As described above, in the resin molding die of the present invention, the zinc alloy having excellent thermal conductivity is used as a backup material, and moreover, the iron which is firmly adhered to the zinc alloy backup material is used. Since the nickel plating layer finished in a precise shape is laminated on the plating layer and used as a molding surface, high-quality molded products with complicated shapes can be manufactured efficiently and stably for a long period of time. Can be.

Further, the method for producing a resin molding die of the present invention provides a resin molding die which has a complicated molding surface and which can be used stably for a long period of time. It can be manufactured stably.

[Brief description of the drawings]

FIG. 1 is a sectional view showing an example of an embodiment of a resin molding die according to the present invention.

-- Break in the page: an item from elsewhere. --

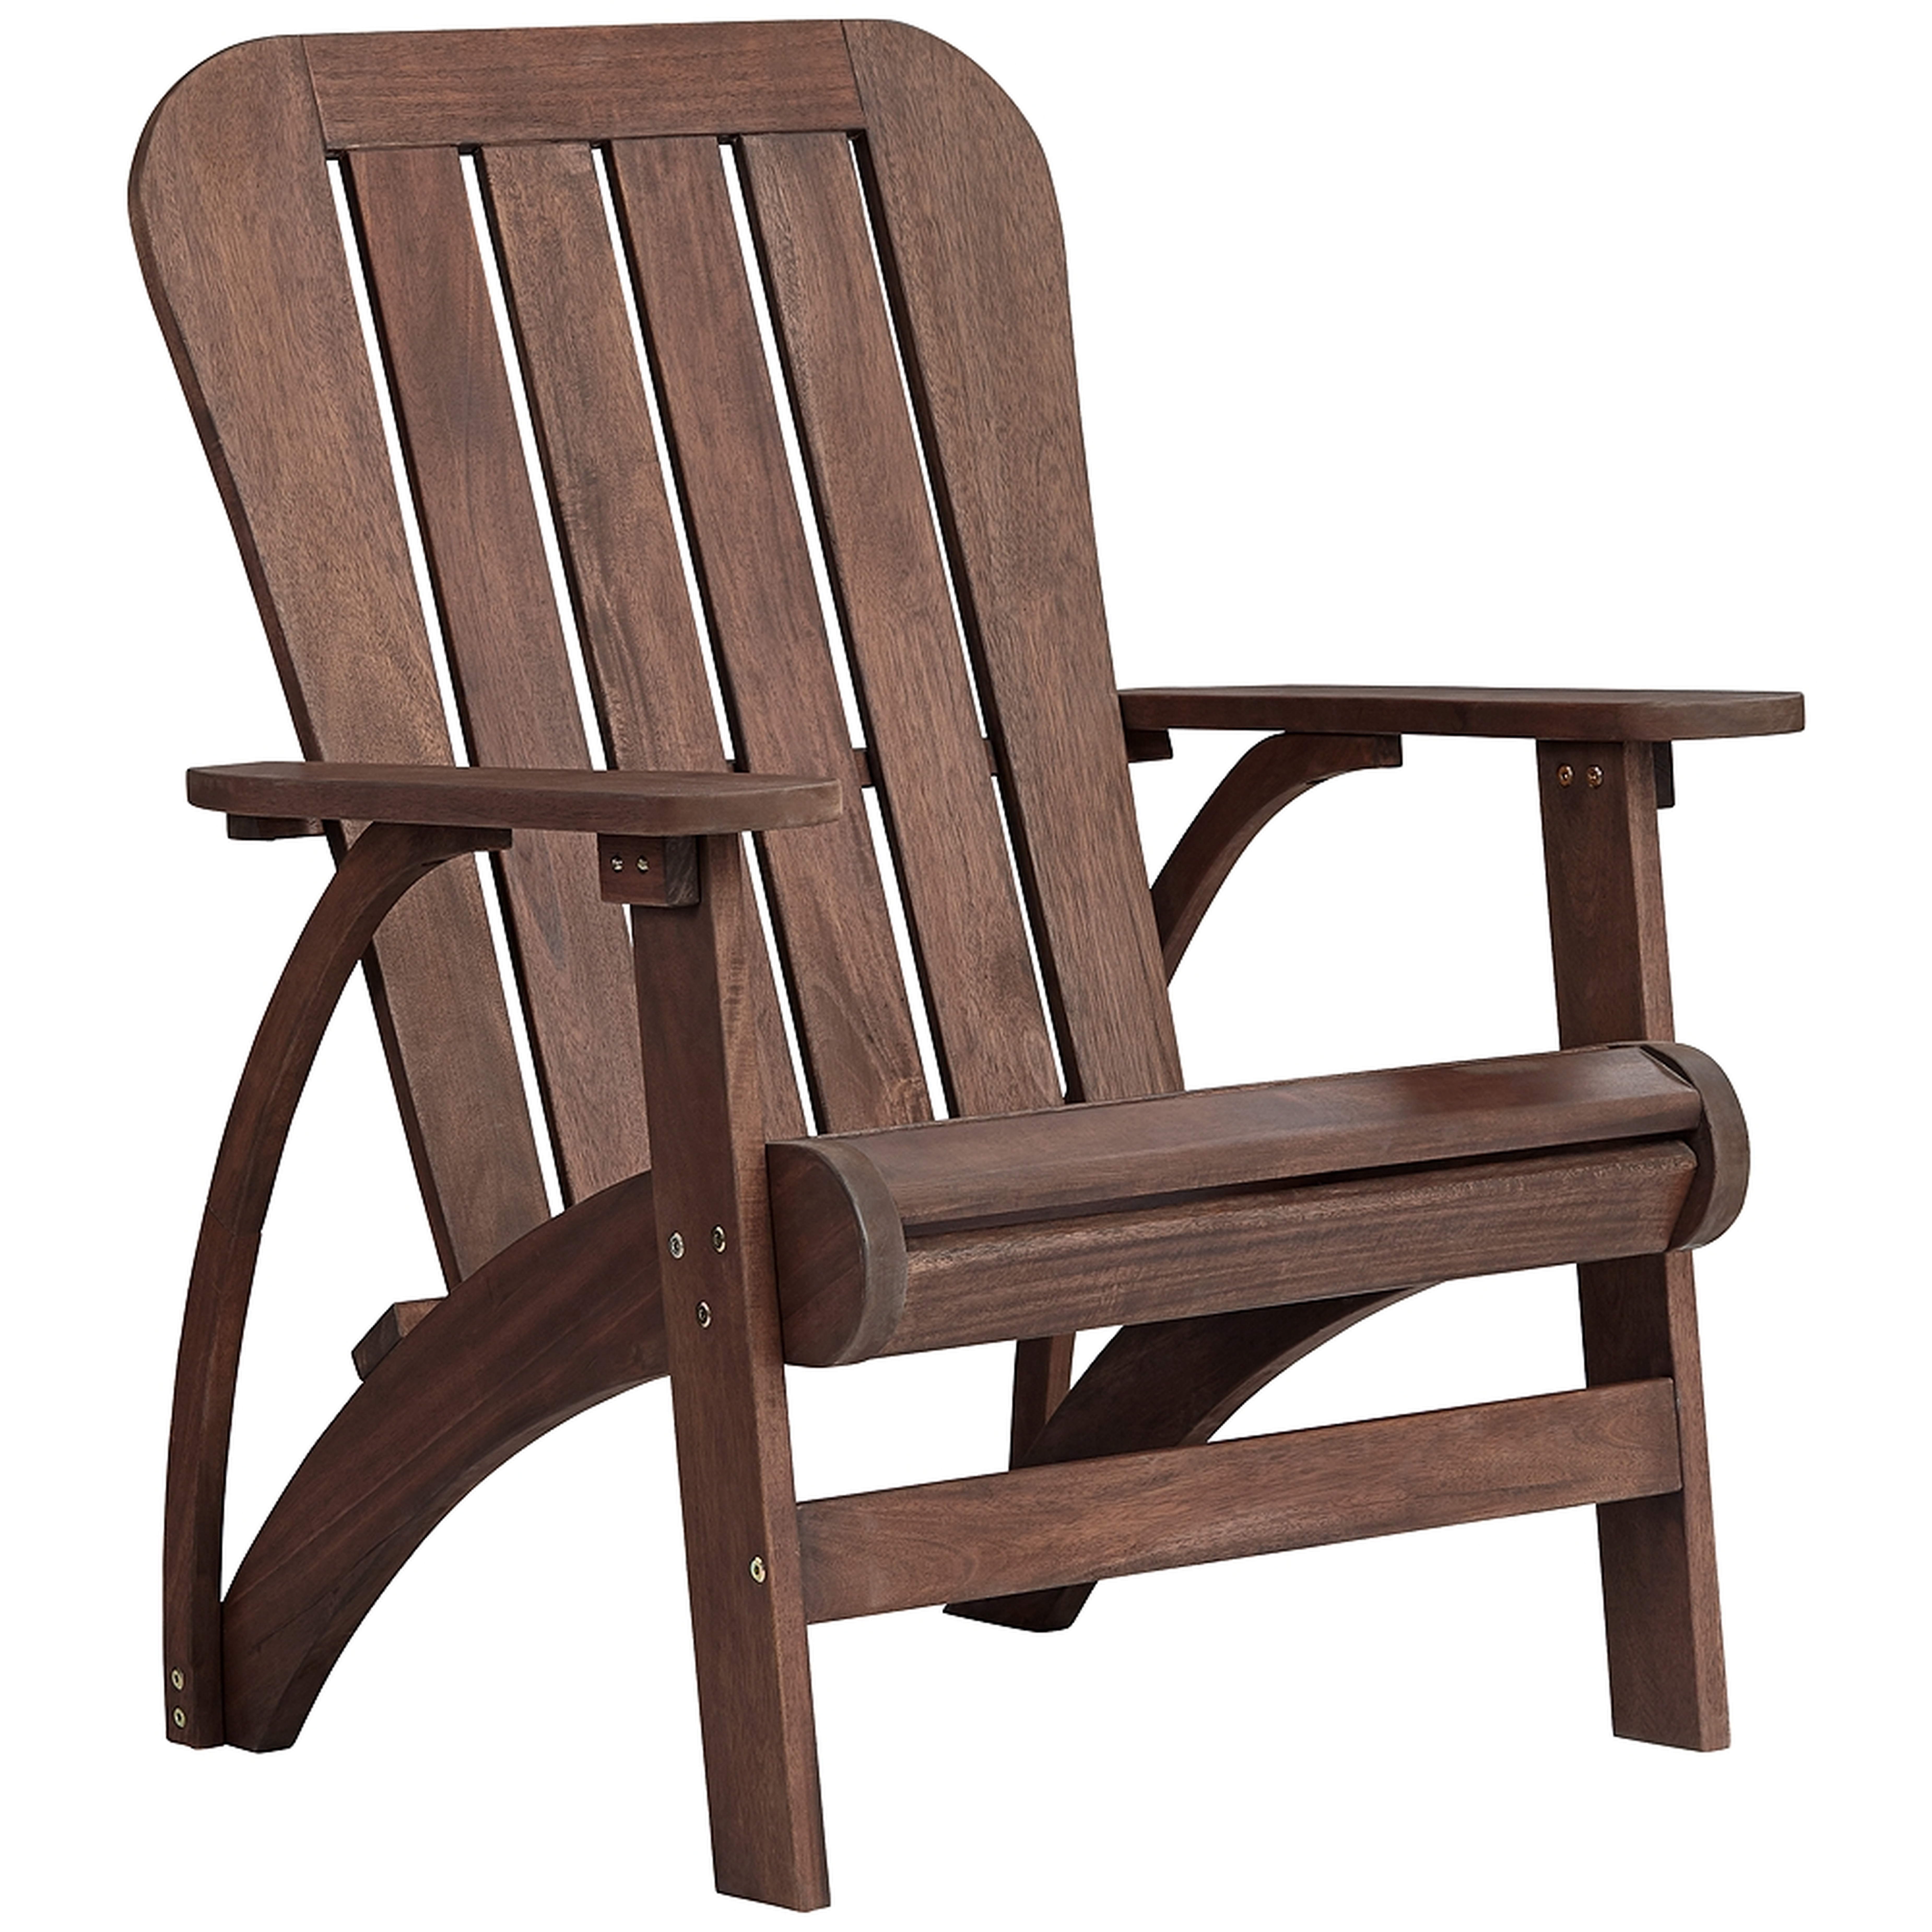 Dylan Acacia Dark Wood Adirondack Chair - Style # 68X03 - Lamps Plus

FIGS. 2A to 2E are cross-sectional views each showing a manufacturing process of a resin molding die of the present invention.

[Explanation of symbols]

 DESCRIPTION OF SYMBOLS 10 Die for resin molding 11 Plating base material 11a Silver mirror processing layer 13 Iron plating layer 14 Nickel plating layer 15 Backup material 16 Iron frame

 ────────────────────────────────────────────────── ─── Continuing on the front page (72) Inventor Hidehiro Yoshioka 3-16-20, Tsujiya, Amagasaki City, Hyogo Prefecture Inside Foso Co., Ltd. F term (reference) 4F202 AA33 AJ02 AJ08 CA30 CB01 CD02 CD05 CD07 CD12 CD22 CD26 CD30

Claims (10)

[Claims] 1. A resin molding die, wherein a nickel plating layer molded into a predetermined molding surface shape is laminated on a zinc alloy backup material via an iron plating layer. 2. The resin molding die according to claim 1, wherein the zinc alloy contains aluminum and copper. 3. The nickel plating layer has a hardness of 300.
The resin molding die according to claim 1, wherein the pressure is from 450 to 450 hv. 4. The nickel plating layer has a thickness of 50 μm.
The resin molding die according to claim 1, which is not less than m. 5. A step of processing a graphite material into a surface shape similar to that of a molded article to form a plating base material; a step of forming a nickel plating layer on the surface of the plating base material by nickel plating; A step of forming an iron plating layer on the surface of the layer by iron plating, and a step of forming a mold so that the surface of the iron plating layer becomes a casting surface, casting a zinc alloy on the surface of the iron plating layer and casting. And a step of removing the plating base material from the nickel plating layer and releasing the mold after the zinc alloy has hardened, the method comprising the steps of: 6. The method for manufacturing a resin molding die according to claim 5, wherein a surface of the plating base material on which the nickel plating layer is laminated is subjected to a silver mirror treatment. 7. The resin molding metal according to claim 5, wherein the surface of the iron plating layer into which the zinc alloy is poured is preheated to a predetermined temperature and cleaned, and then a zinc alloy-based melt is applied. Mold manufacturing method. 8. The method according to claim 5, wherein the zinc alloy is a low melting point alloy containing aluminum and copper. 9. The nickel plating layer has a hardness of 300.
The method for manufacturing a resin molding die according to claim 5, wherein the resin mold is formed to have a thickness of from 450 hv. 10. The nickel plating layer has a thickness of 50.
The method for producing a resin molding die according to claim 5, wherein the thickness is not less than μm.